⟨

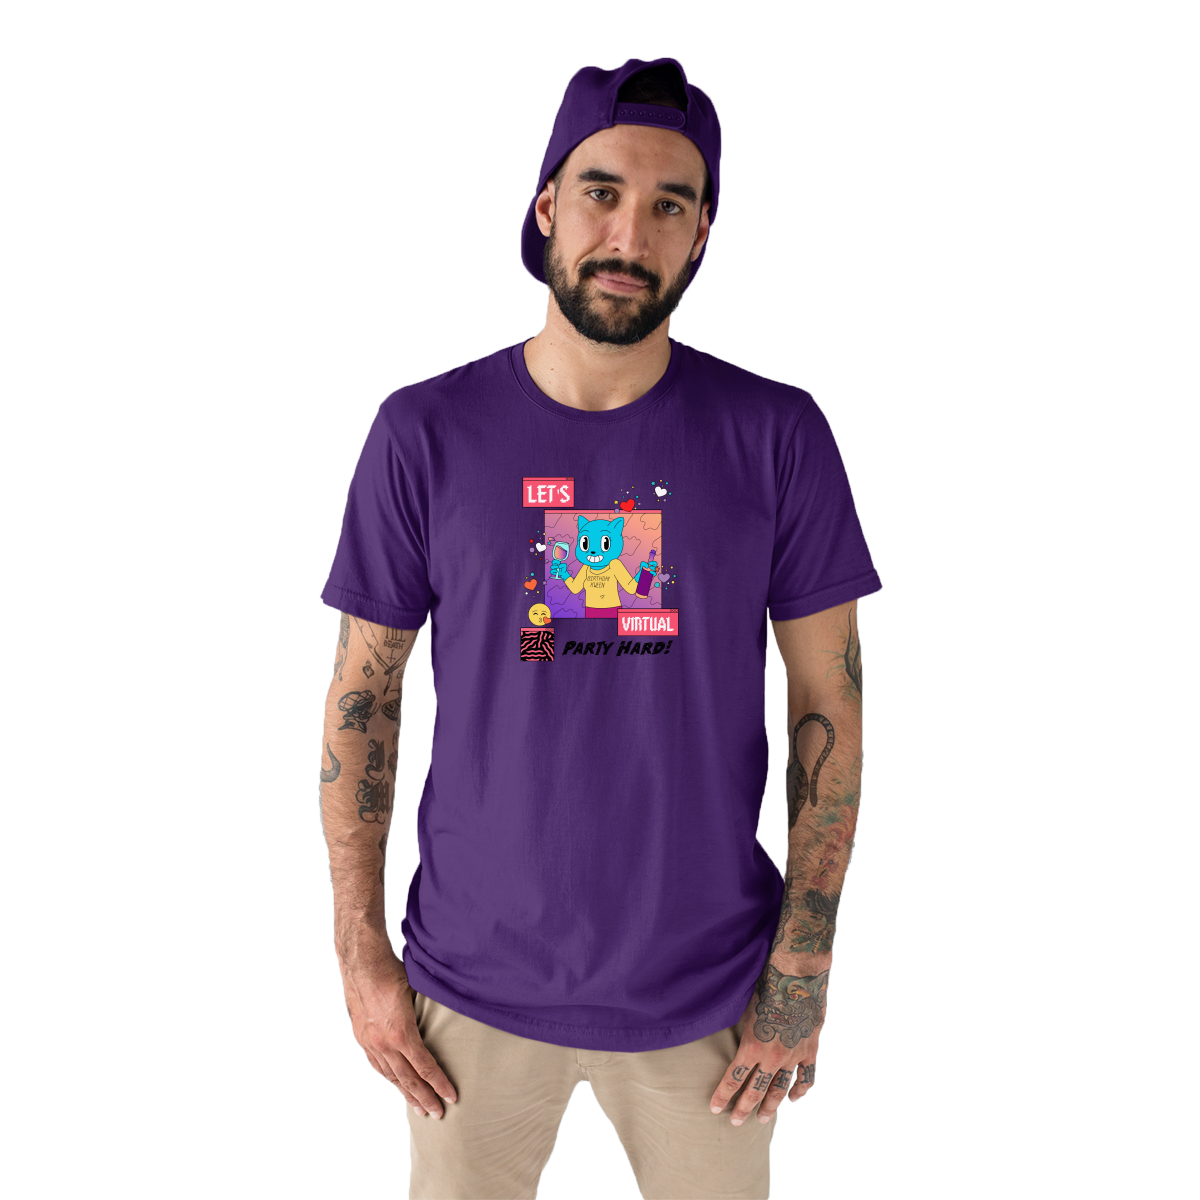 Let's Virtual Party Hard Men's T-shirt | Purple
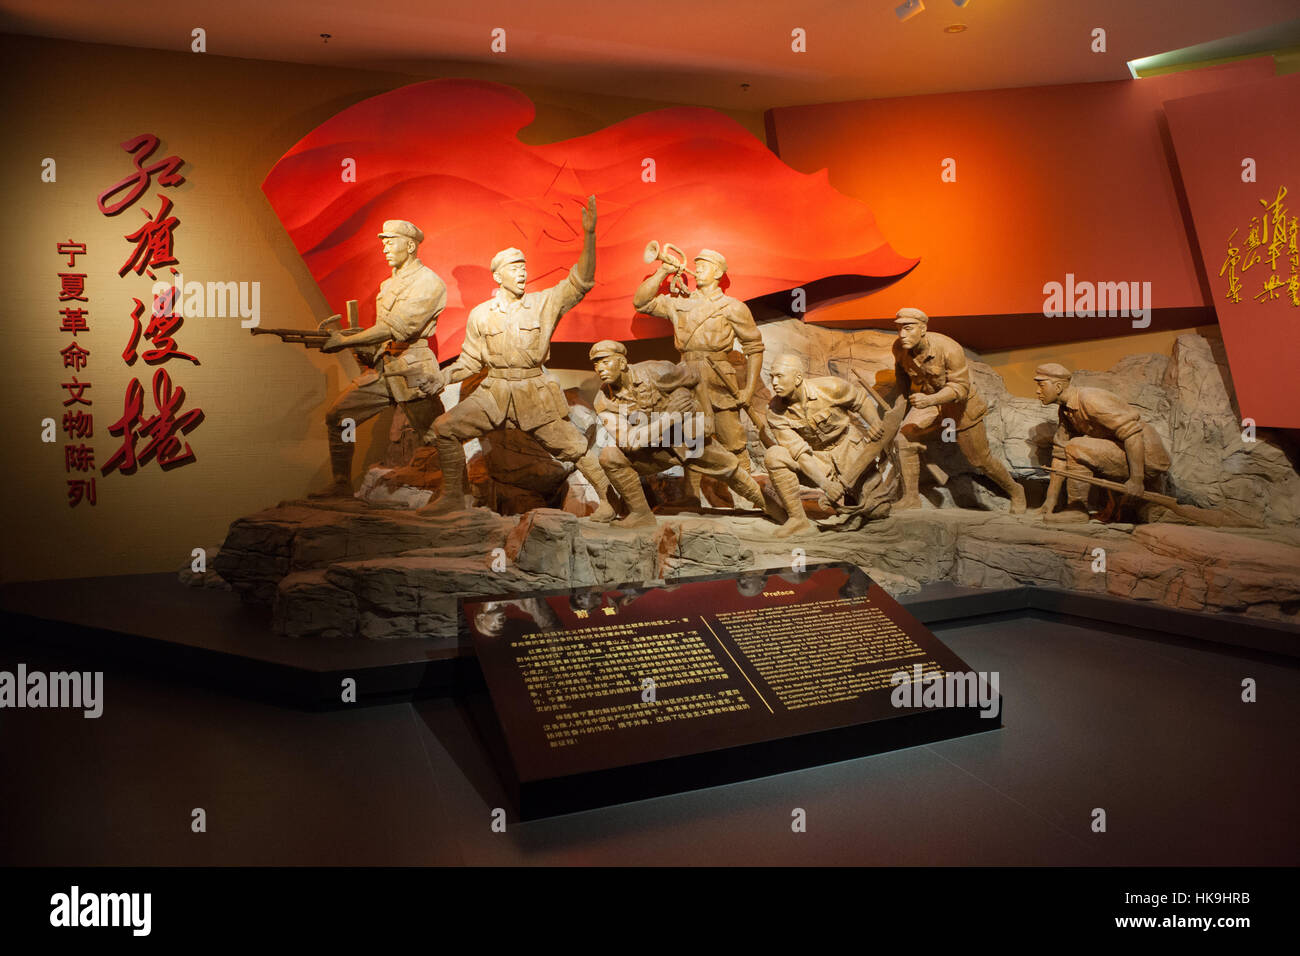 Une sculpture représentant le passage par l'Armée Rouge Ningxia. Ningxia Museum (Musée de la région autonome de Ningxia Hui). Yinchuan, Ningxia, Chine Banque D'Images
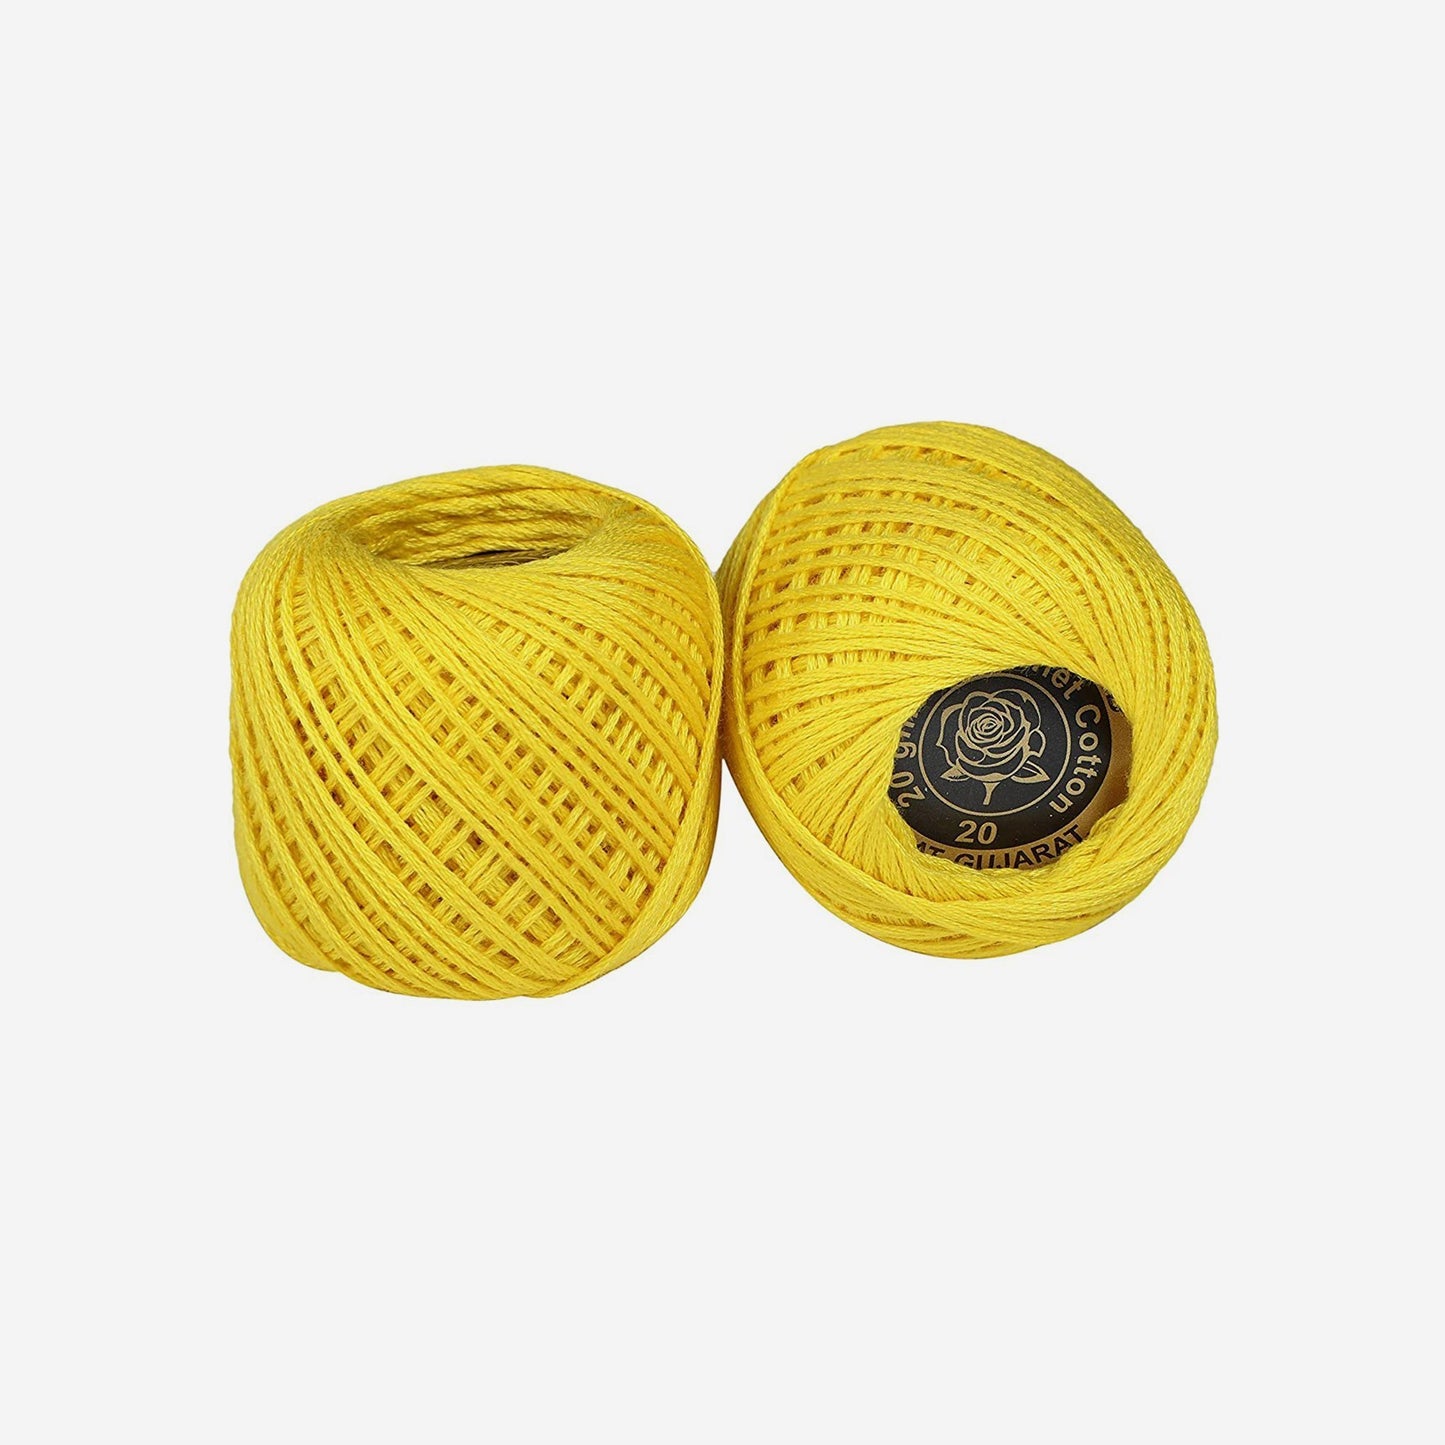 Hand-crochet hoops (Variation 4)
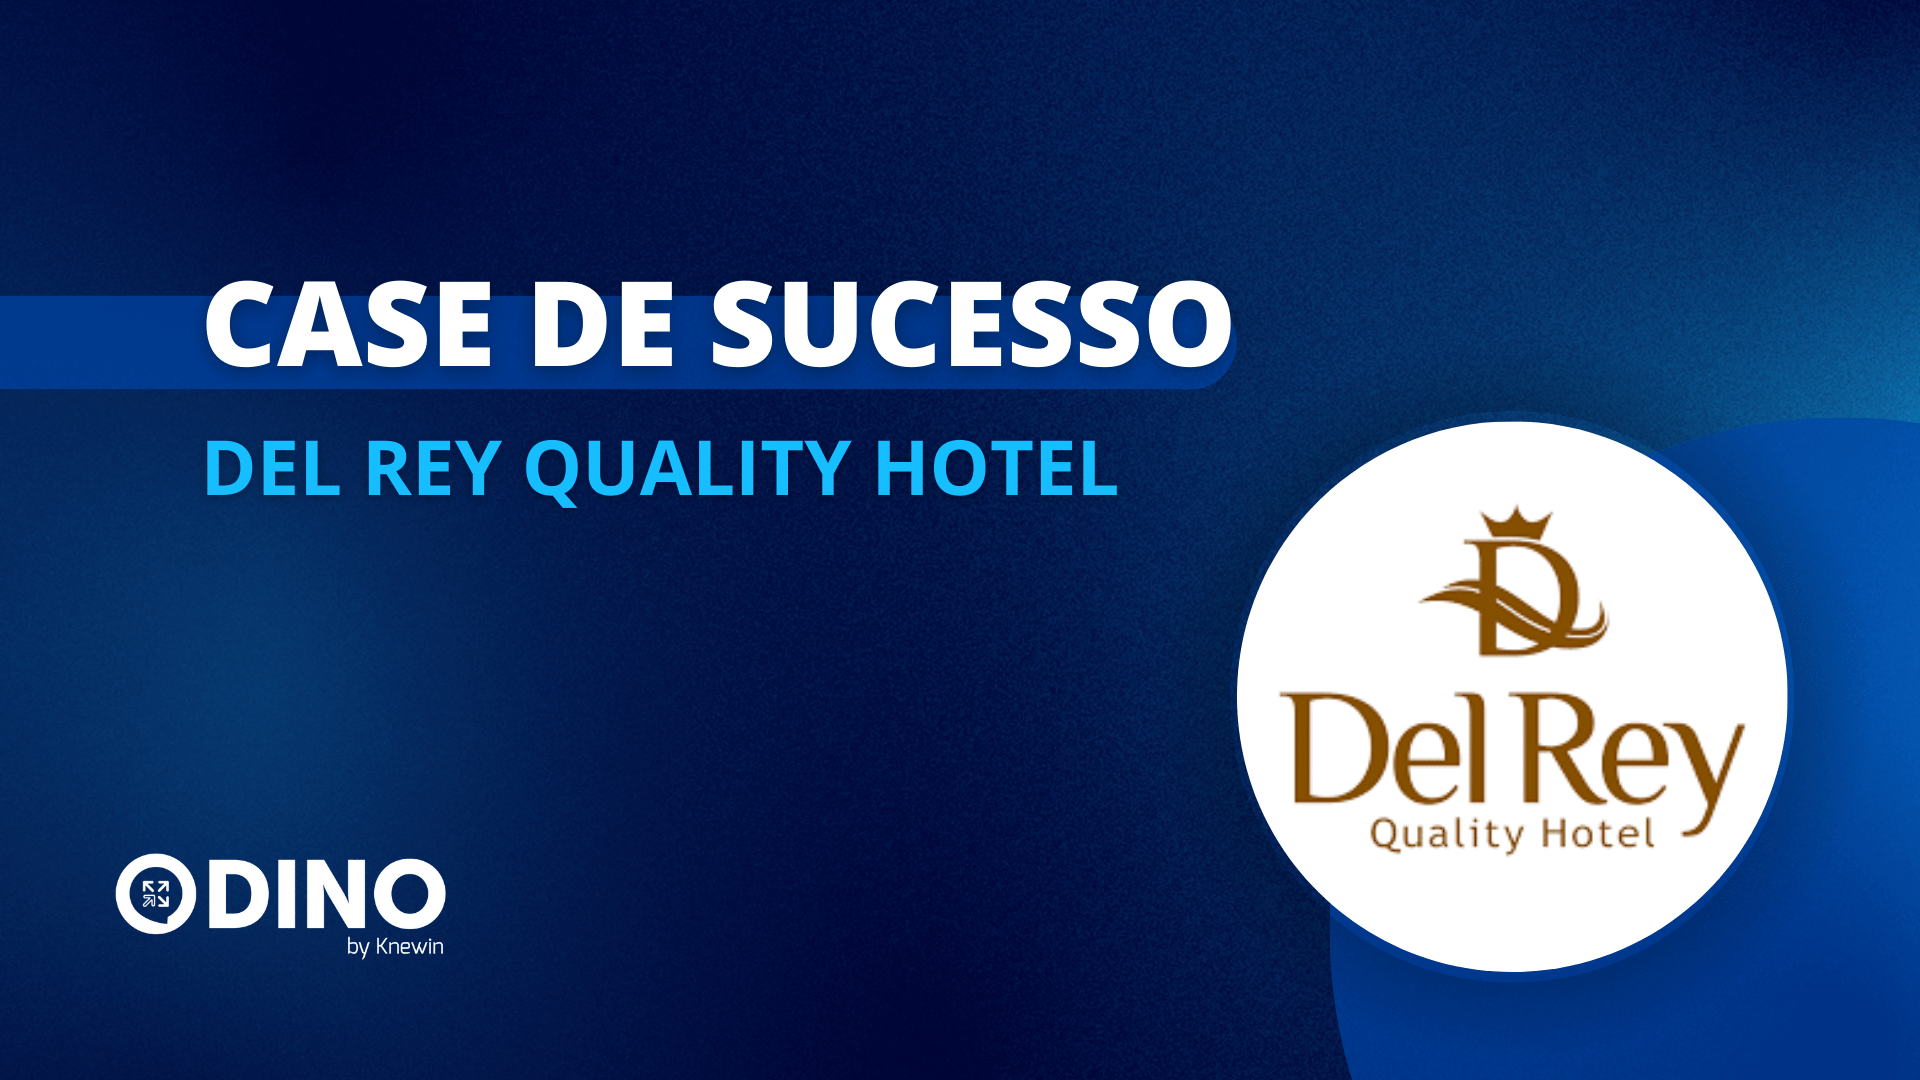 Como o Dino impulsionou os resultados do Del Rey Quality Hotel
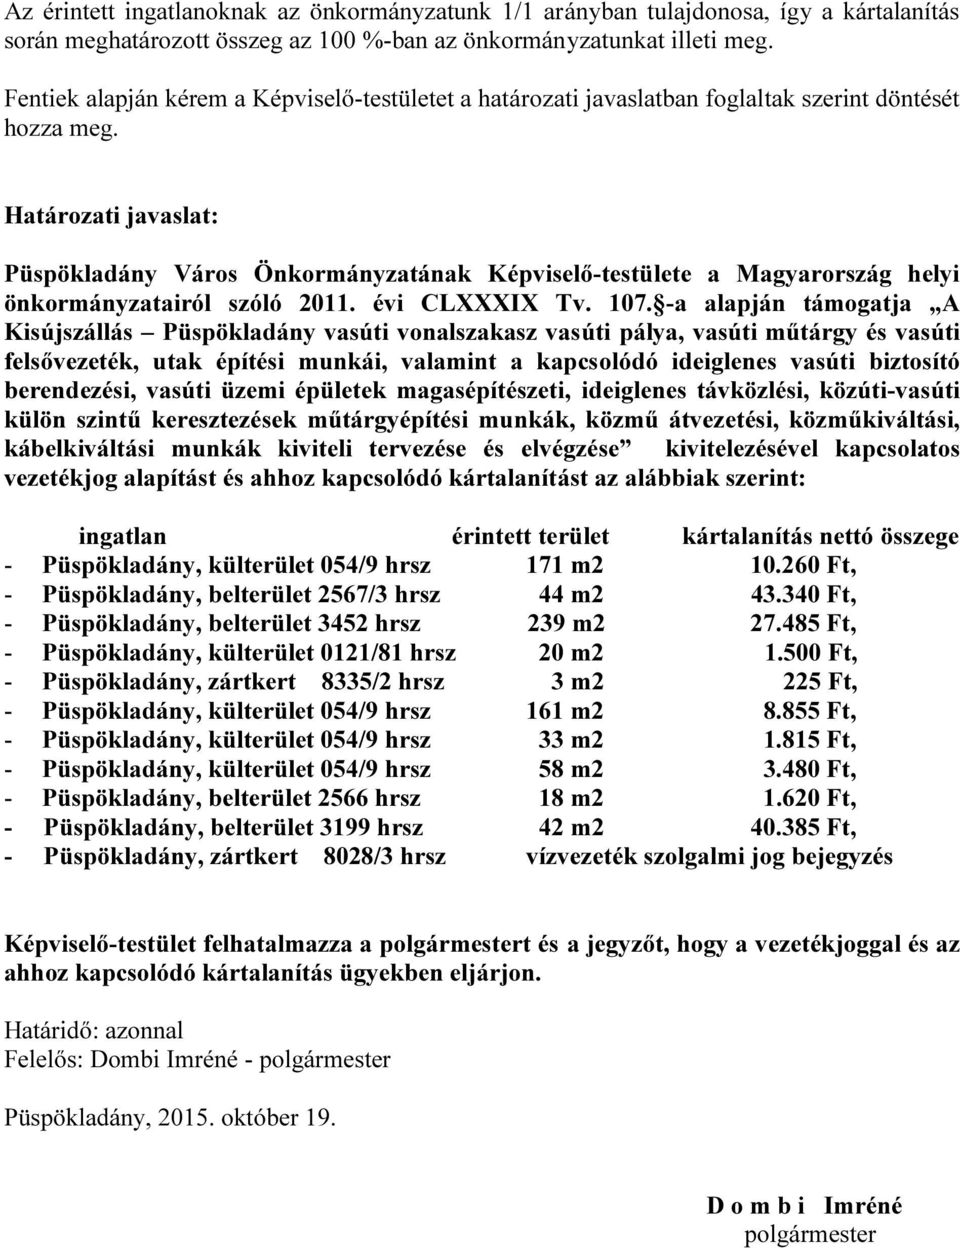 Határozati javaslat: Püspökladány Város Önkormányzatának Képviselő-testülete a Magyarország helyi önkormányzatairól szóló 2011. évi CLXXXIX Tv. 107.
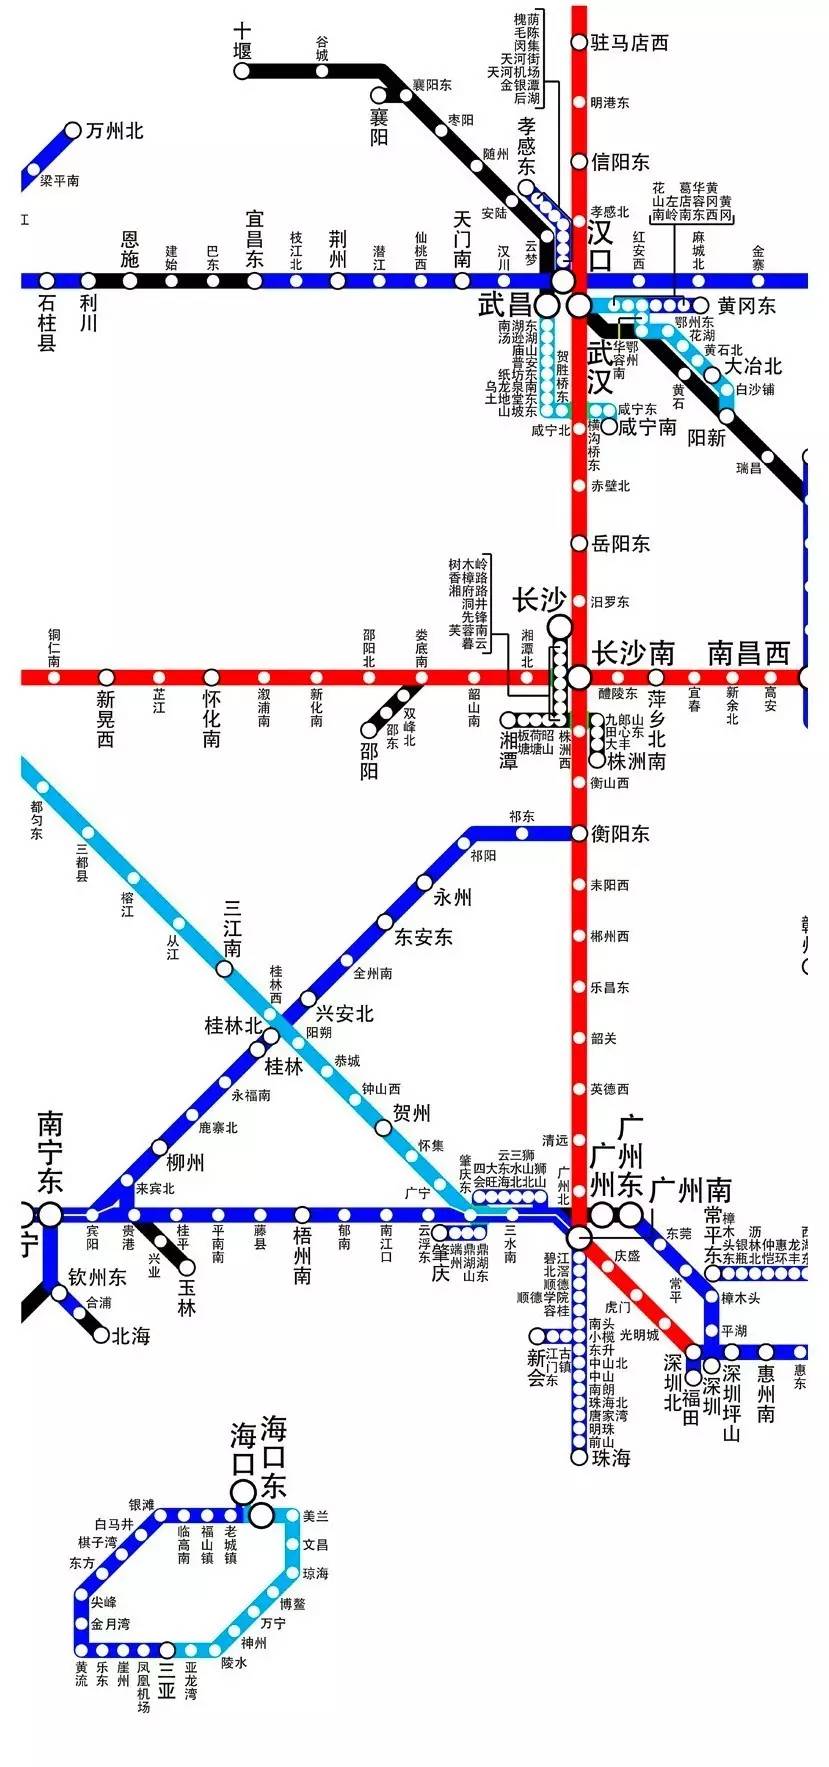 中国高铁线路图放大图片

⟩

Task
What's needed is an exact copy of every entry, minus the pictures.

Answer
 Let's Virtual Party Hard Men's T-shirt | Purple
 Une sculpture représentant le passage par l'Armée Rouge Ningxia. Ningxia Museum (Musée de la région autonome de Ningxia Hui). Yinchuan, Ningxia, Chine Banque D'Images
 Hand-crochet hoops (Variation 4)
 Como o Dino impulsionou os resultados do Del Rey Quality Hotel
 Határozati javaslat: Püspökladány Város Önkormányzatának Képviselő-testülete a Magyarország helyi önkormányzatairól szóló 2011. évi CLXXXIX Tv. 107.
 中国高铁线路图放大图片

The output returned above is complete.